Provided material:

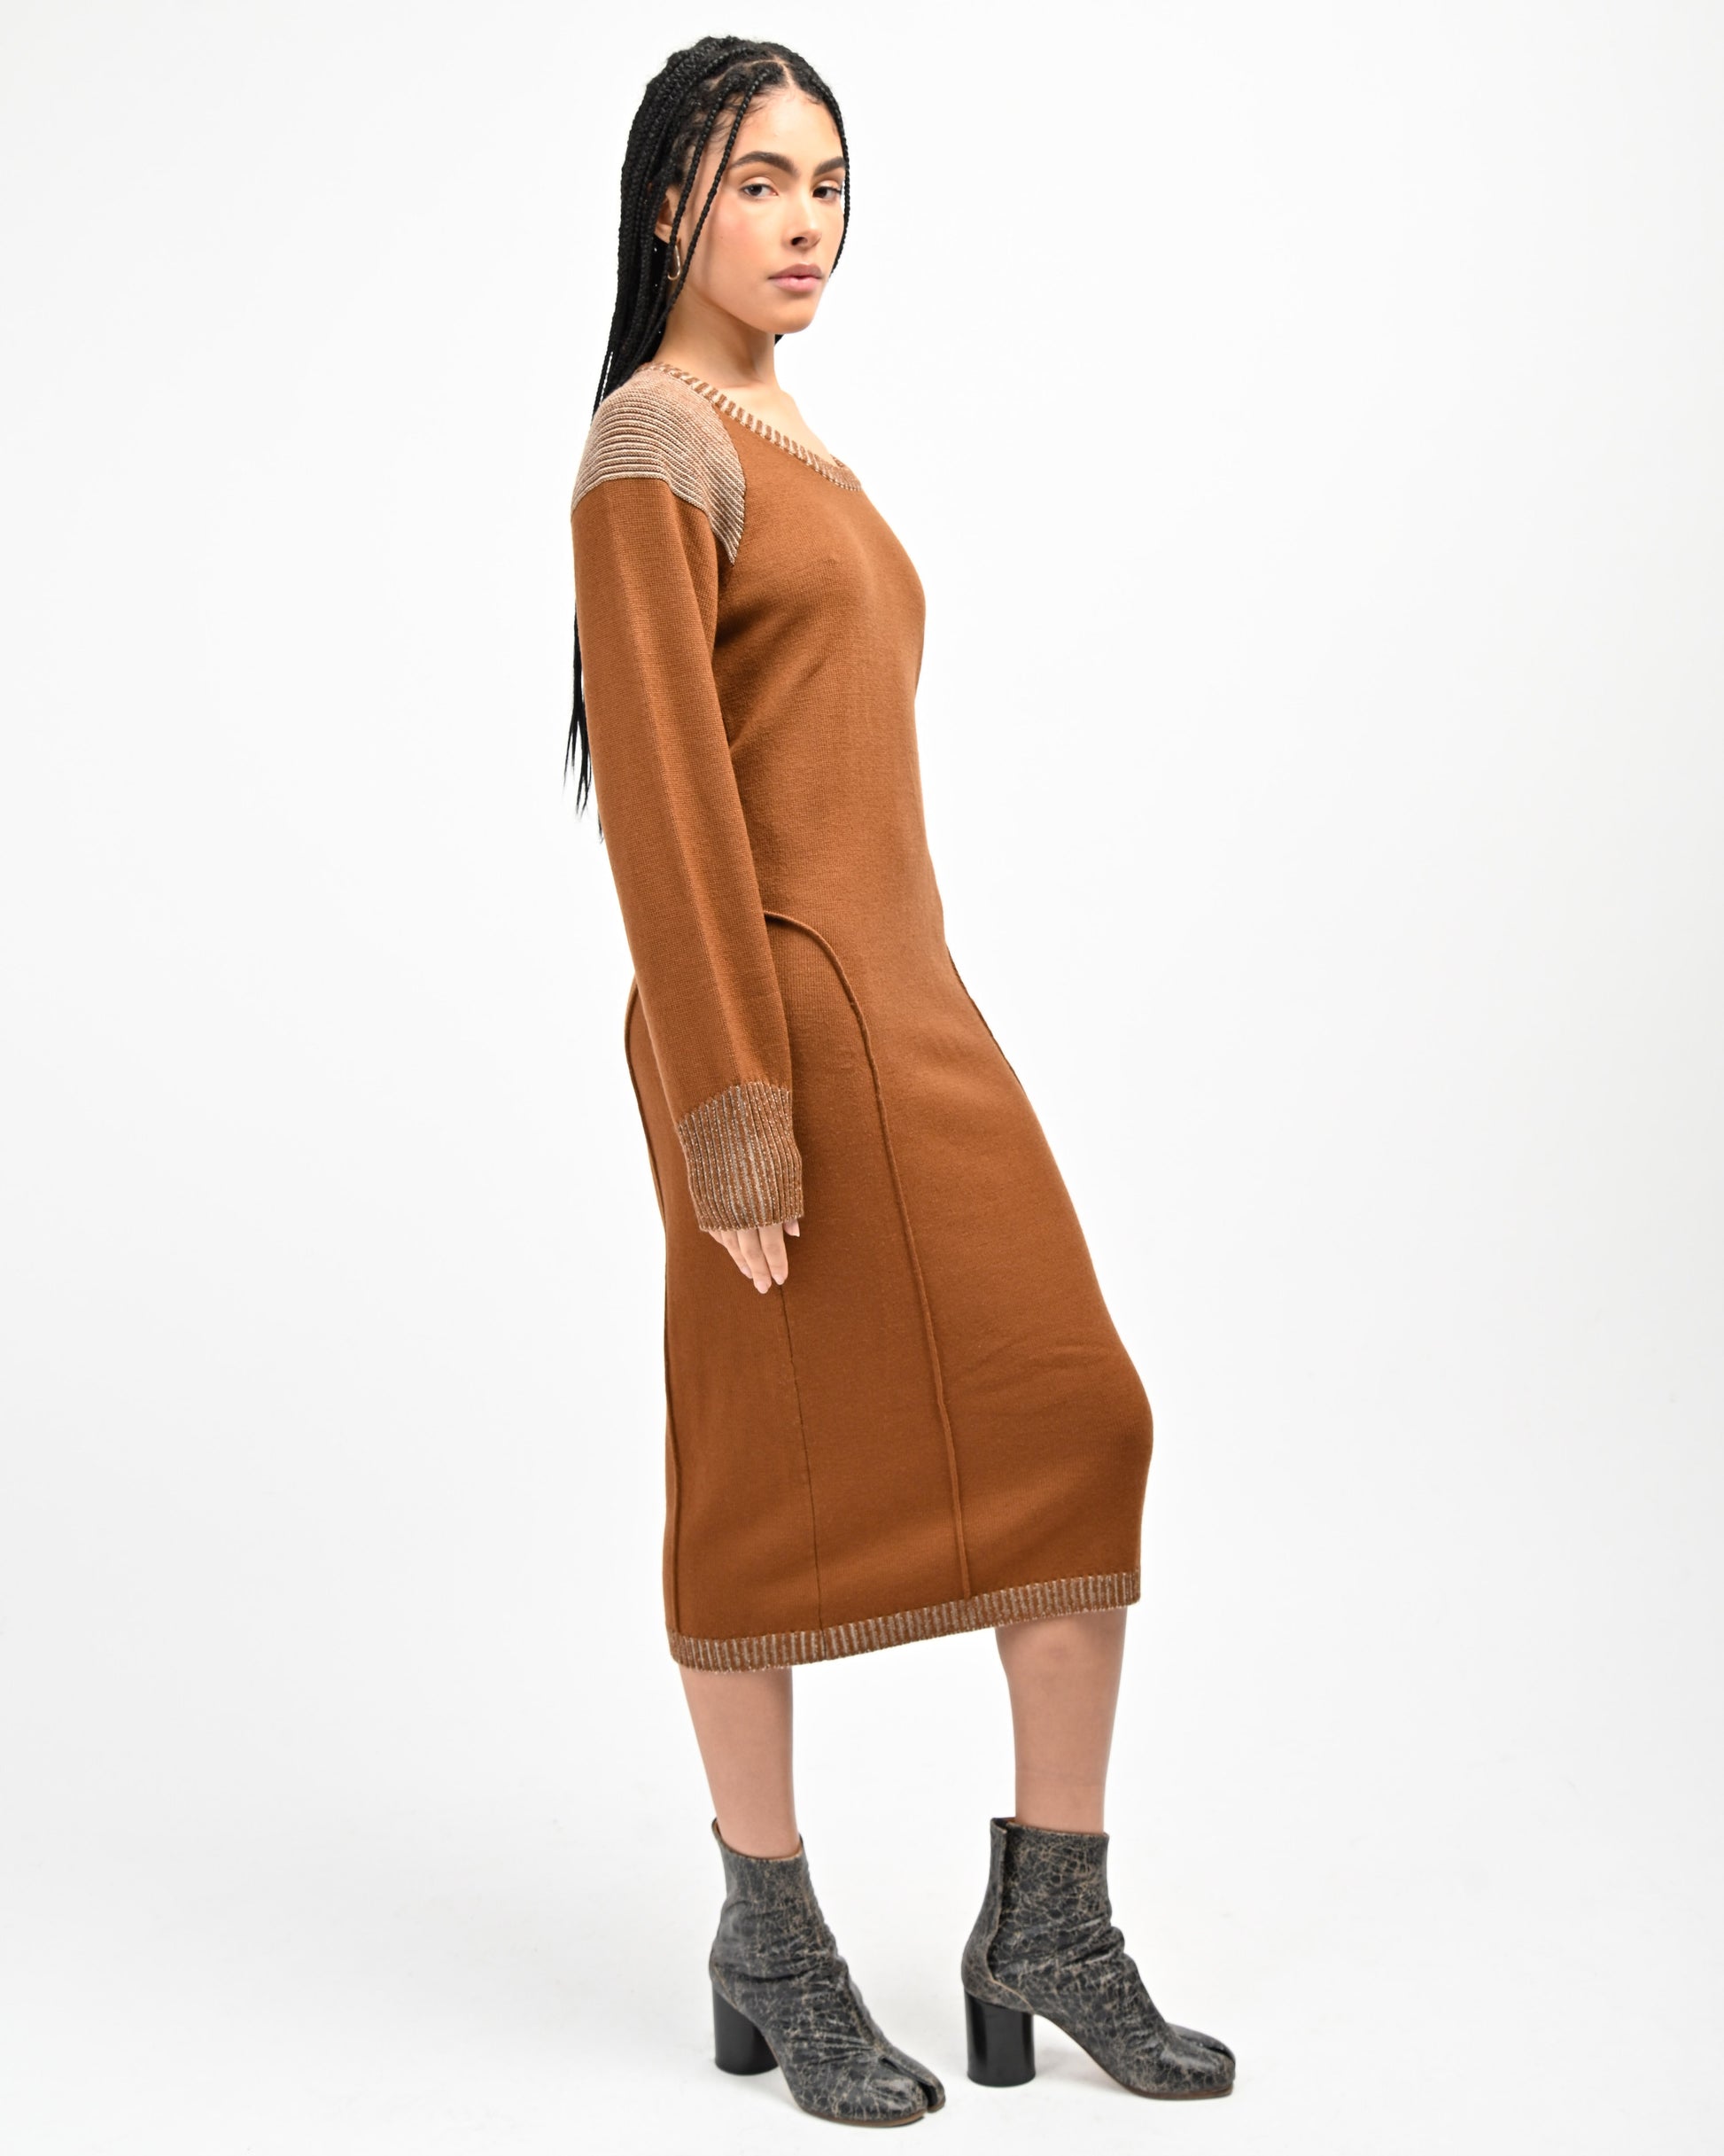 Model is wearing Lola Open Back Dress in Copper by Aseye Studio
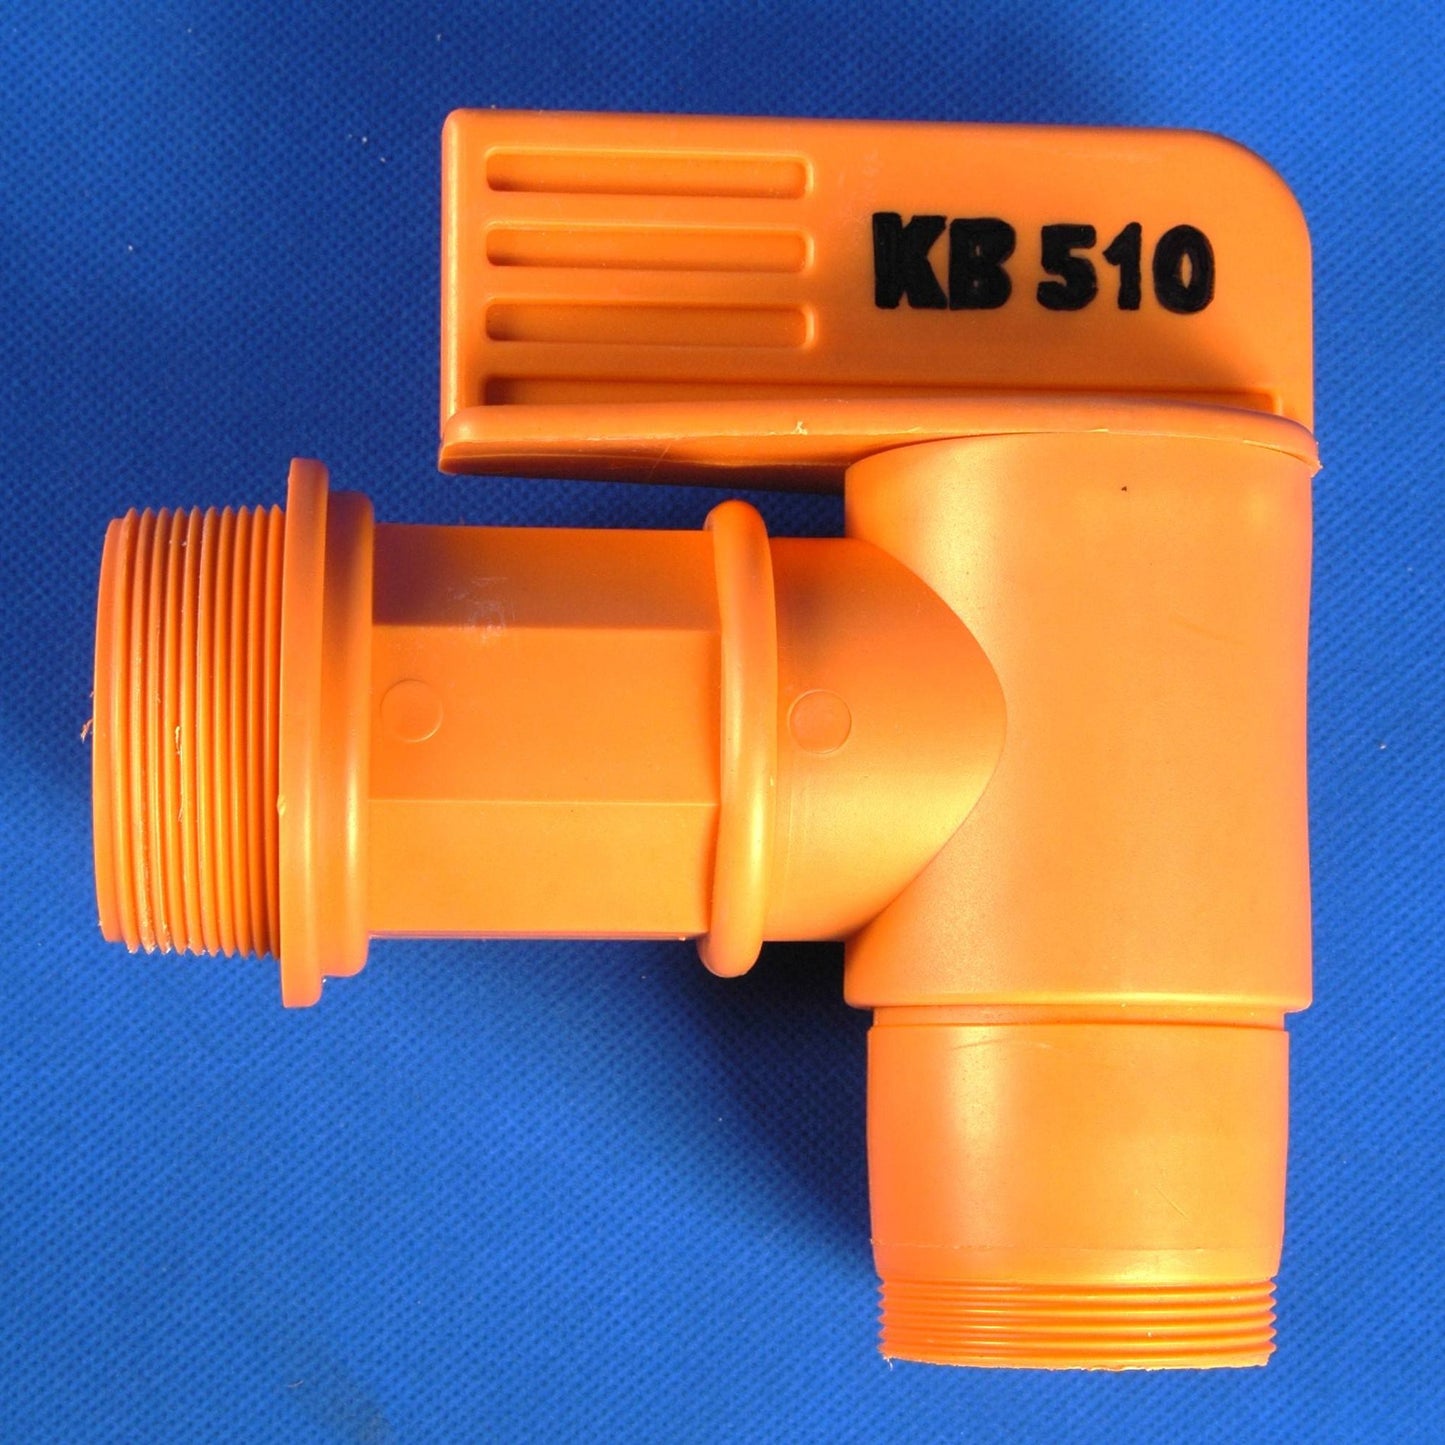 KB510 - 2" Faucet
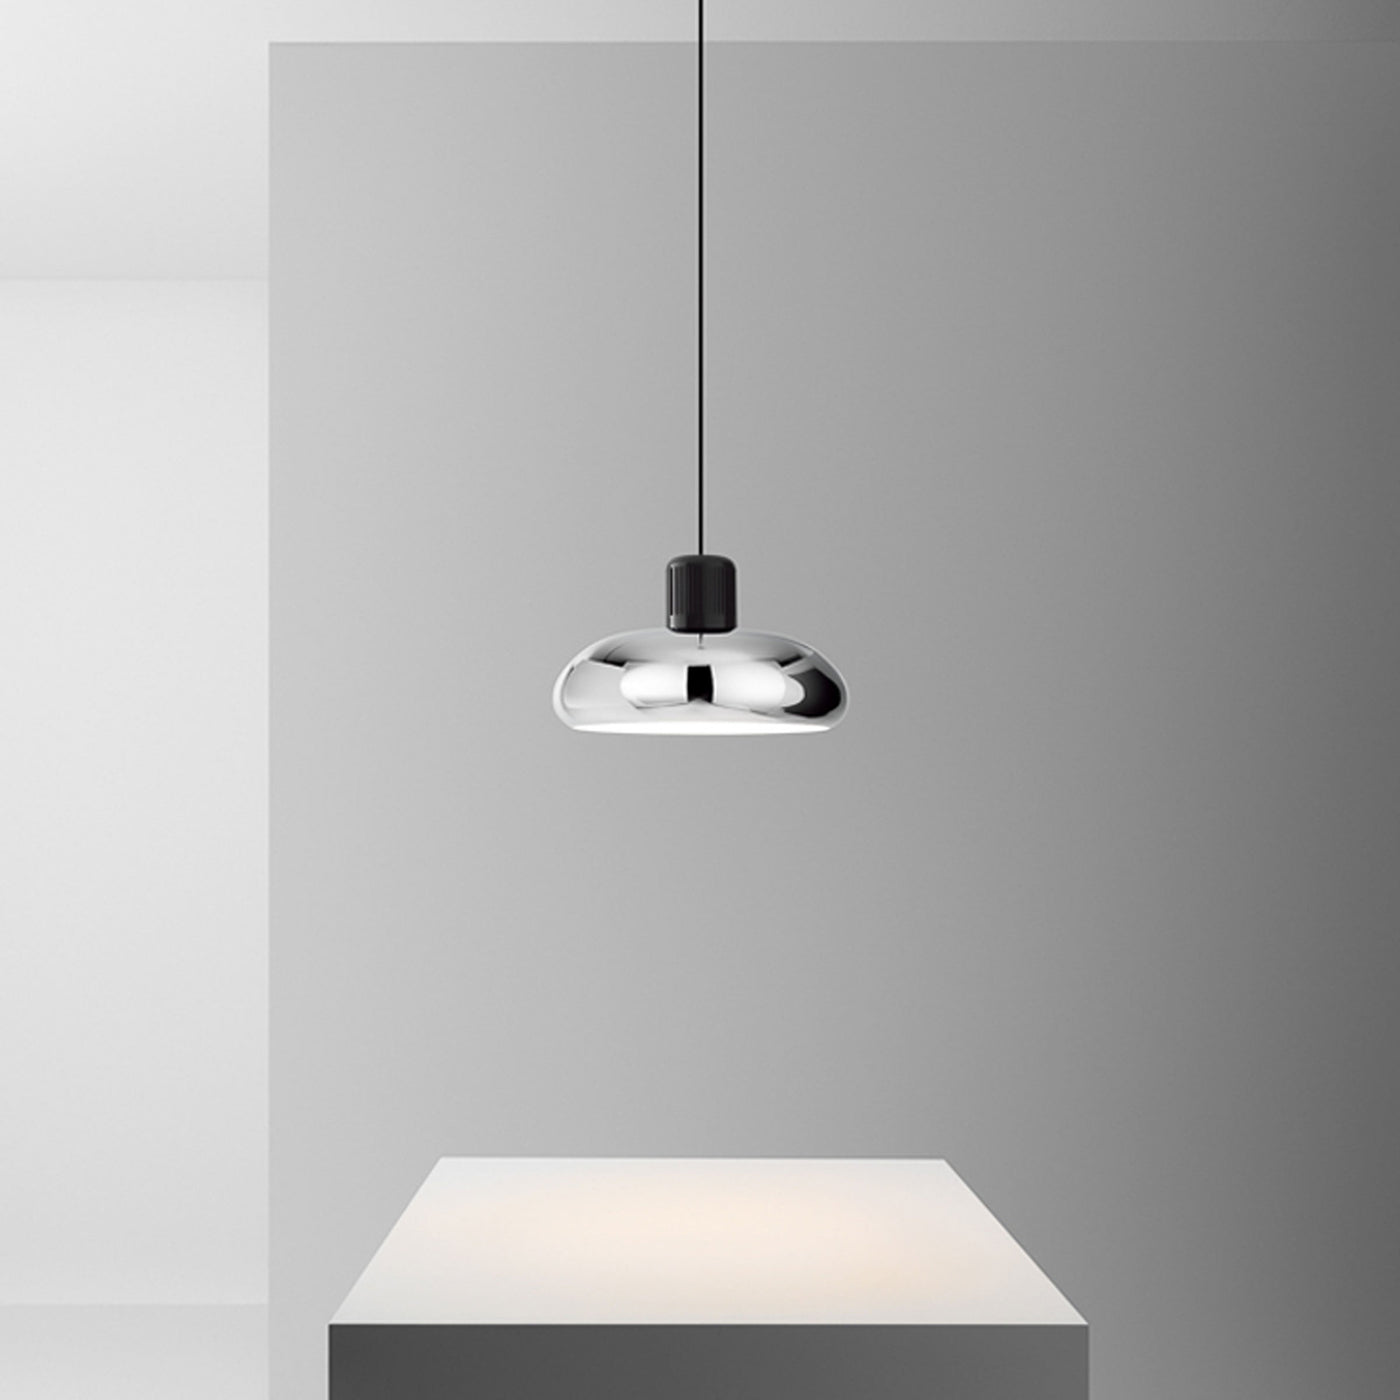 Suspension Lamp TREPIÙ by Gae Aulenti & Livio Castiglioni for Stilnovo 01
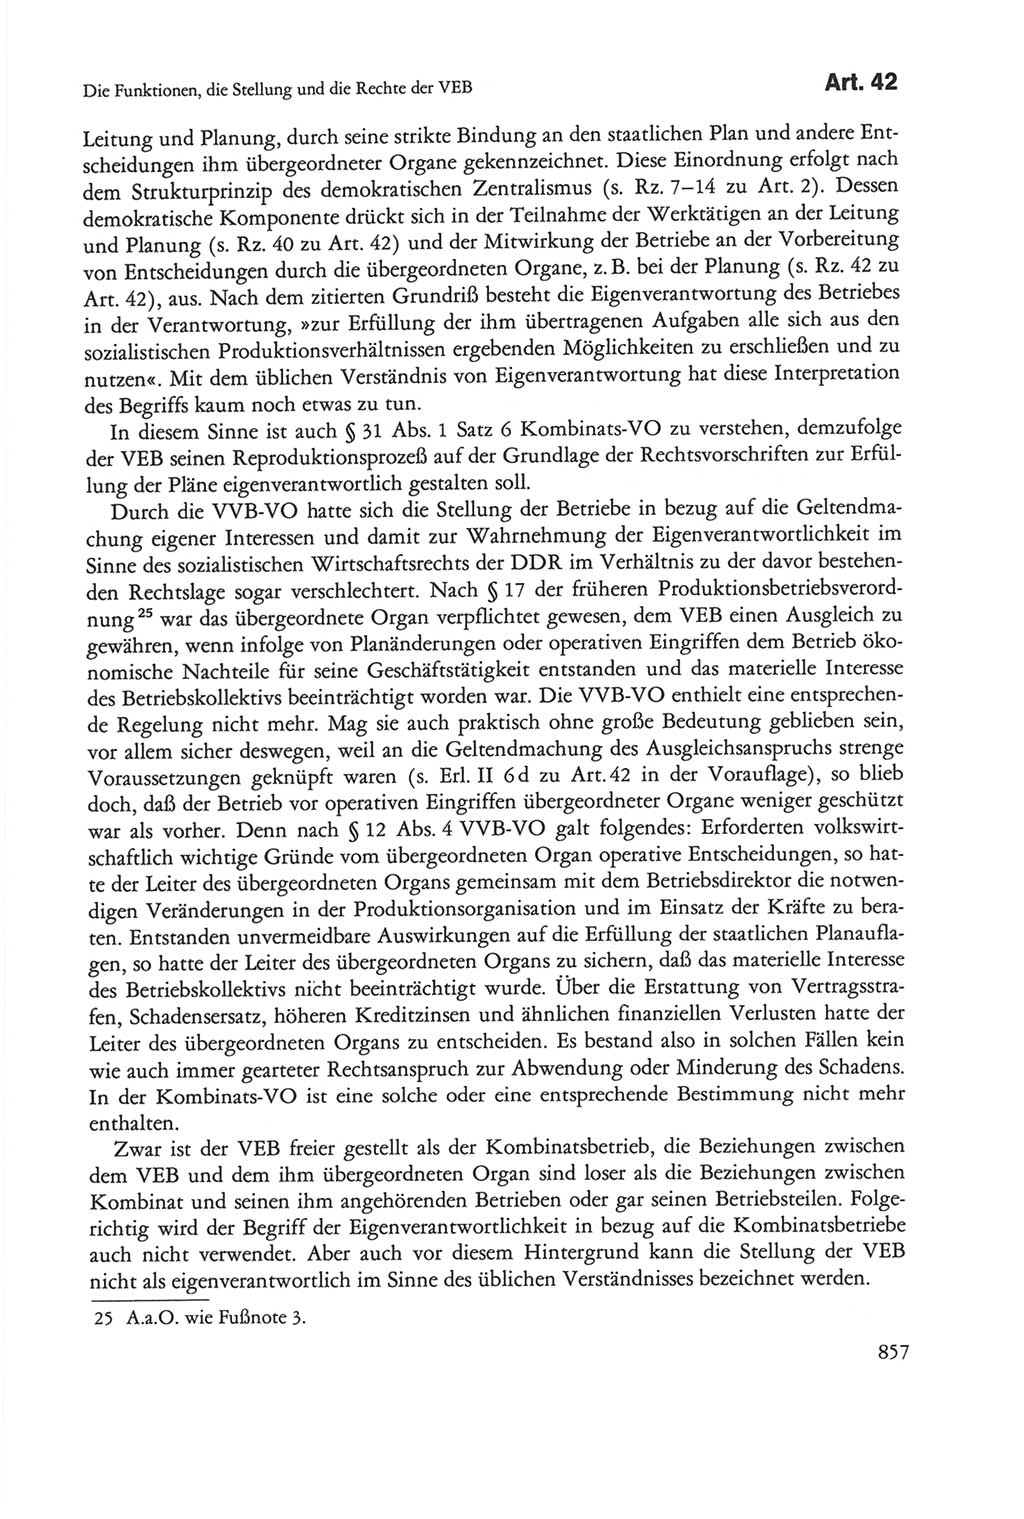 Die sozialistische Verfassung der Deutschen Demokratischen Republik (DDR), Kommentar mit einem Nachtrag 1997, Seite 857 (Soz. Verf. DDR Komm. Nachtr. 1997, S. 857)

Description of the task: Transcribe the whole listing above exactly and leave out the pictures.

Answer space:
 Model is wearing Lola Open Back Dress in Copper by Aseye Studio
 KB510 - 2" Faucet
 Suspension Lamp TREPIÙ by Gae Aulenti & Livio Castiglioni for Stilnovo 01
 Die sozialistische Verfassung der Deutschen Demokratischen Republik (DDR), Kommentar mit einem Nachtrag 1997, Seite 857 (Soz. Verf. DDR Komm. Nachtr. 1997, S. 857)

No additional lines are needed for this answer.